CD // C. P. E. Bach’s Sonaten mit Veränderten Reprisen, Wq 50
Carl Philipp Emanuel Bach’s Sonatas with Varied Reprises (published in Berlin, 1760) constituted a bold experiment. Spelling out every repeat, Bach applies to each the art of variation. Starting off as a service (“play this and you’ll sound as if you’re improvising”), the opus ends up a masterclass in variation. Tom Beghin, playing his own beloved clavichord, enacts the role of the keyboardist-composer who repeats himself, while never saying the same thing twice.
Bonus track: third movement from Sonata V in B-flat Major, Tempo di minuetto, reconstructed by Tom Beghin with varied reprises.
Watch a complete video performance:
“Things please that are repeated twice.” The aphorism is ascribed to Horace and suggests that repetition serves a useful role in increasing pleasure. But when you check in his Ars poetica (lines 361–65), you find a more specific context. Comparing poetry to painting—ut pictura poesis—he states, “This [painting] pleased just once; that [painting], though ten times repeated, will always please” (haec placuit semel, haec deciens repetita placebit). If we flip Horace’s critical perspective and apply it to musical performance, we might ask a more interesting question: does repetition intrinsically make a musical work better?

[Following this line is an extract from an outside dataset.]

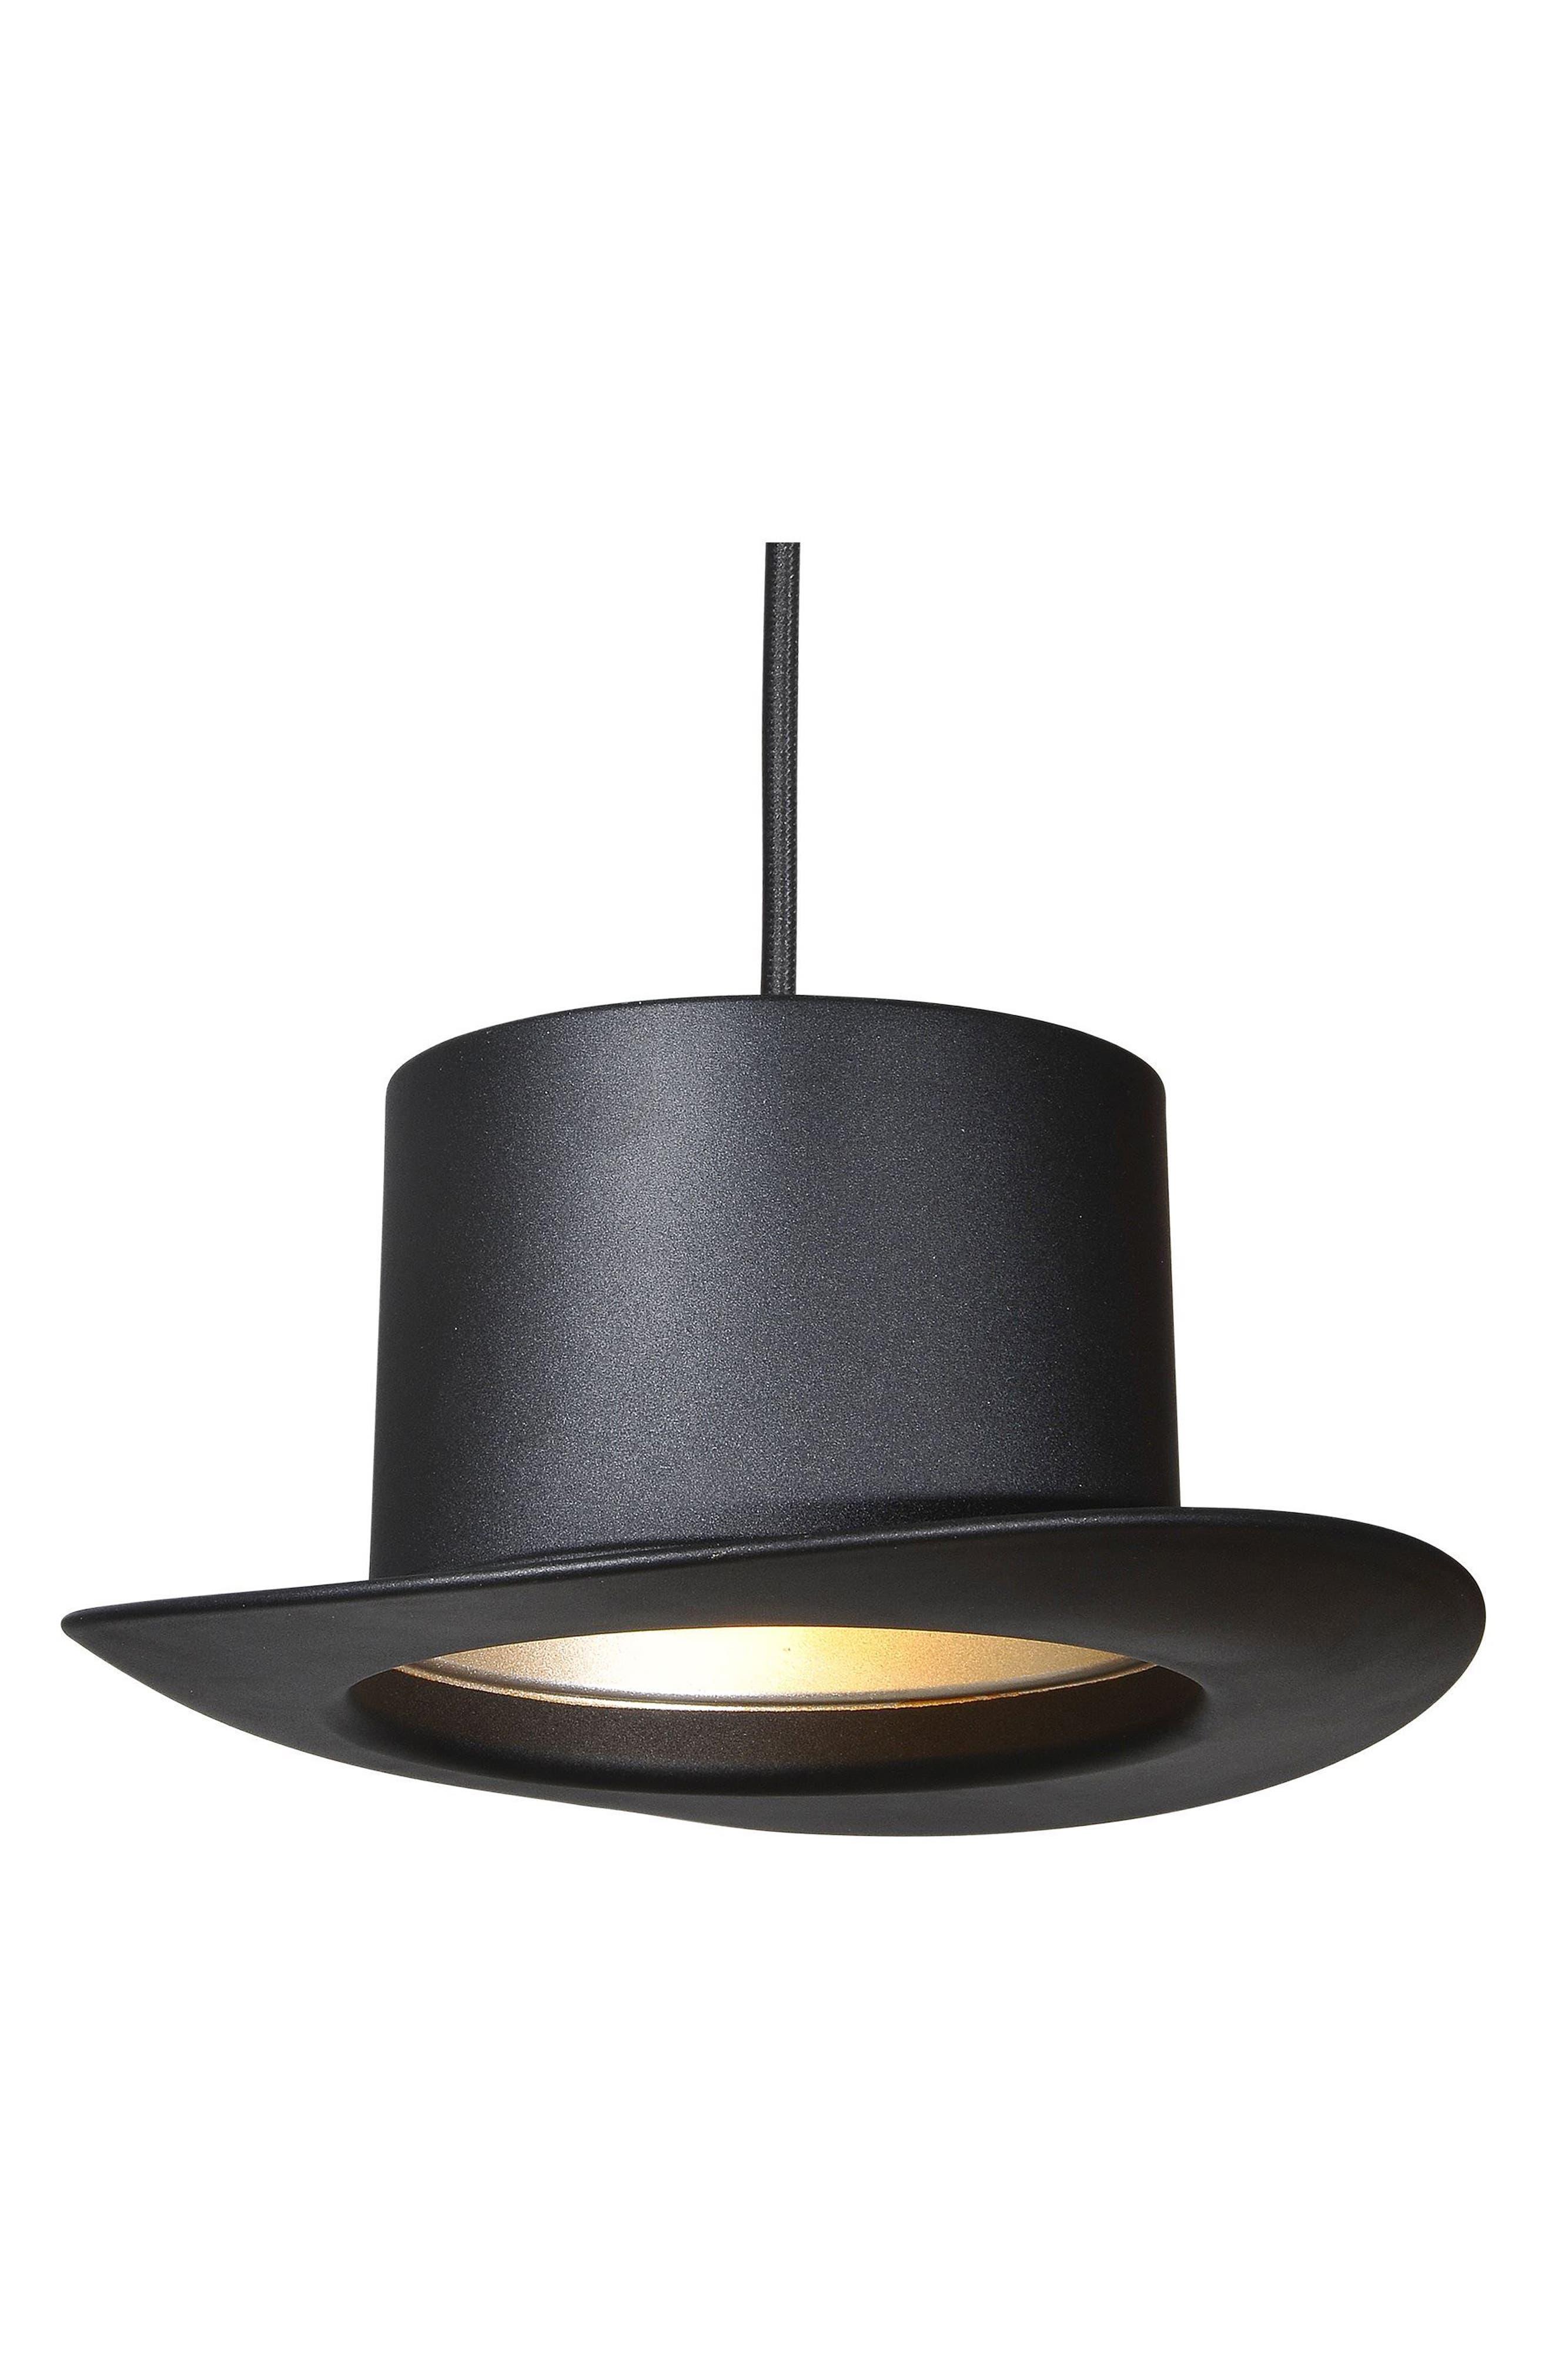 Langley Top Hat Ceiling Fixture,                             Alternate thumbnail 3, color,                             Black
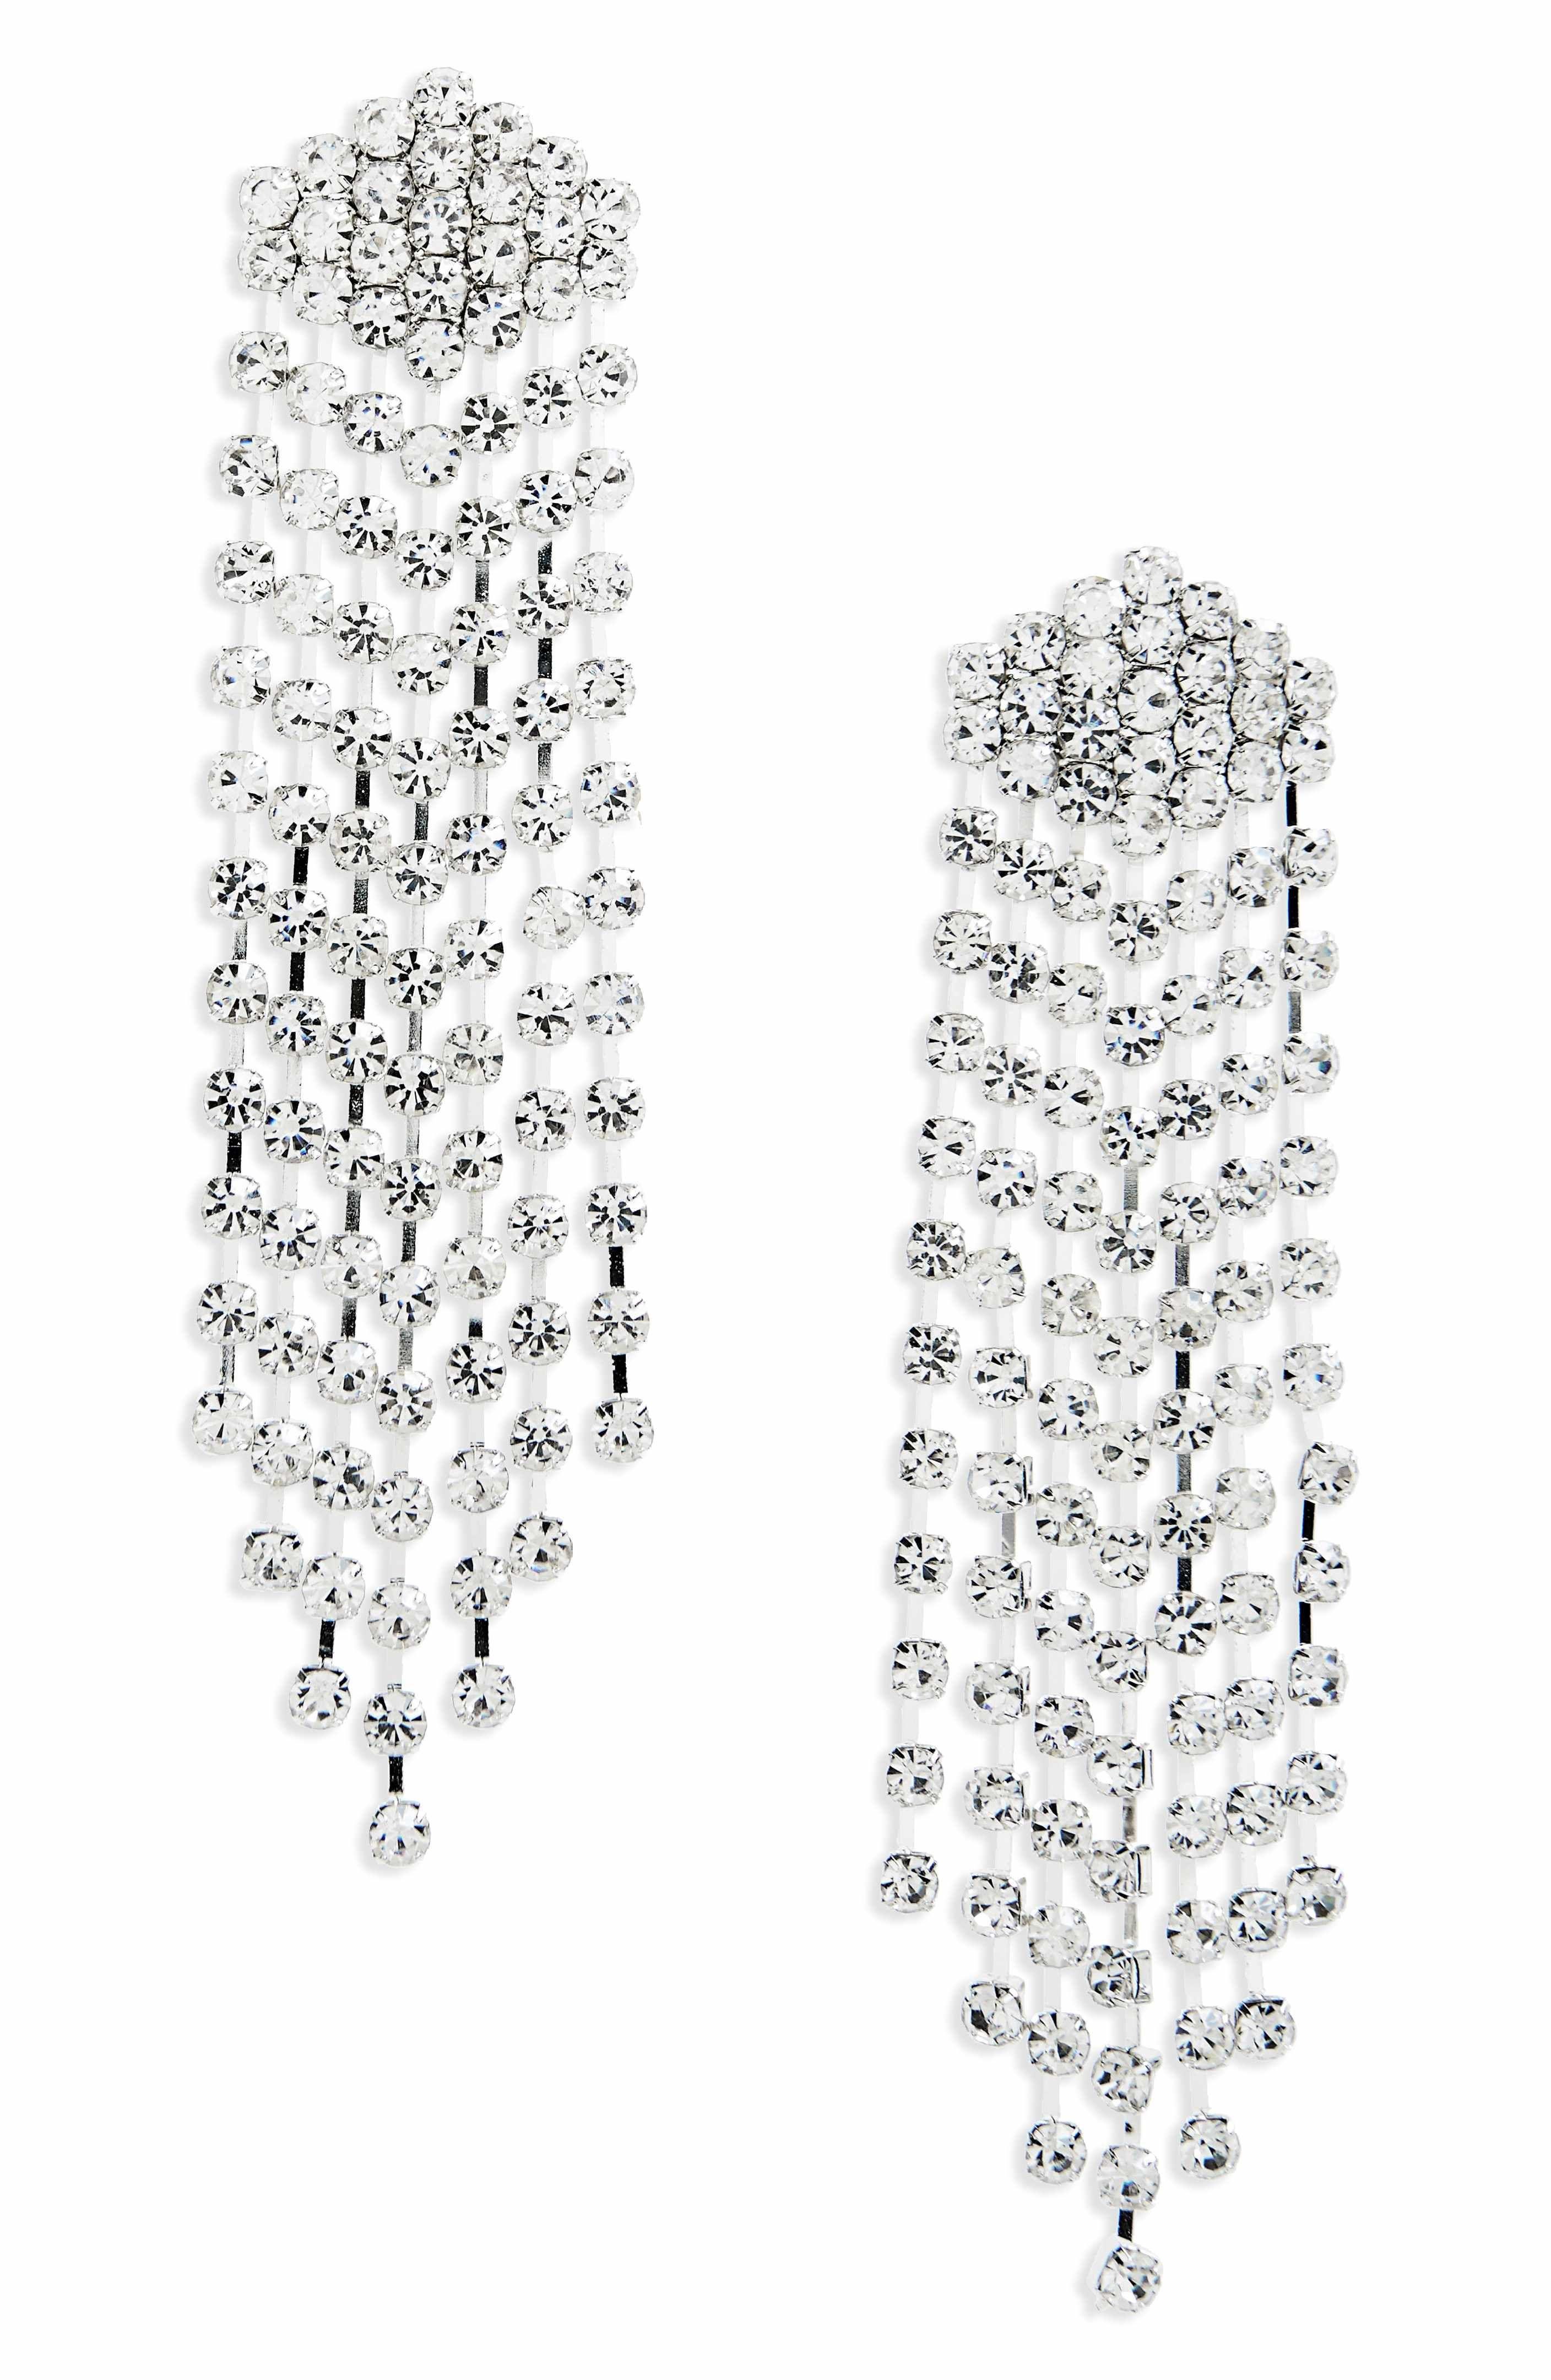 Natasha crystal chandelier earrings talk about statement earrings natasha crystal chandelier earrings talk about statement earrings spotted nordstrom arubaitofo Choice Image

Within most musical forms, repetition has remained unquestioned for a long time. Any sonata—the quintessential form that has dominated instrumental music from the second half of the eighteenth century onward—is structured around internal repeats. The expectation is that, on the one hand, you will have an “exposition” that is repeated, and that, on the other, the “development” and “recapitulation,” together forming the second half, will also be repeated. The convention of repeat signs in scores—double bars with dots on either side—seals in this expectation: whether in terms of formal symmetry or sustained pleasure, repetition was a given and went unchallenged.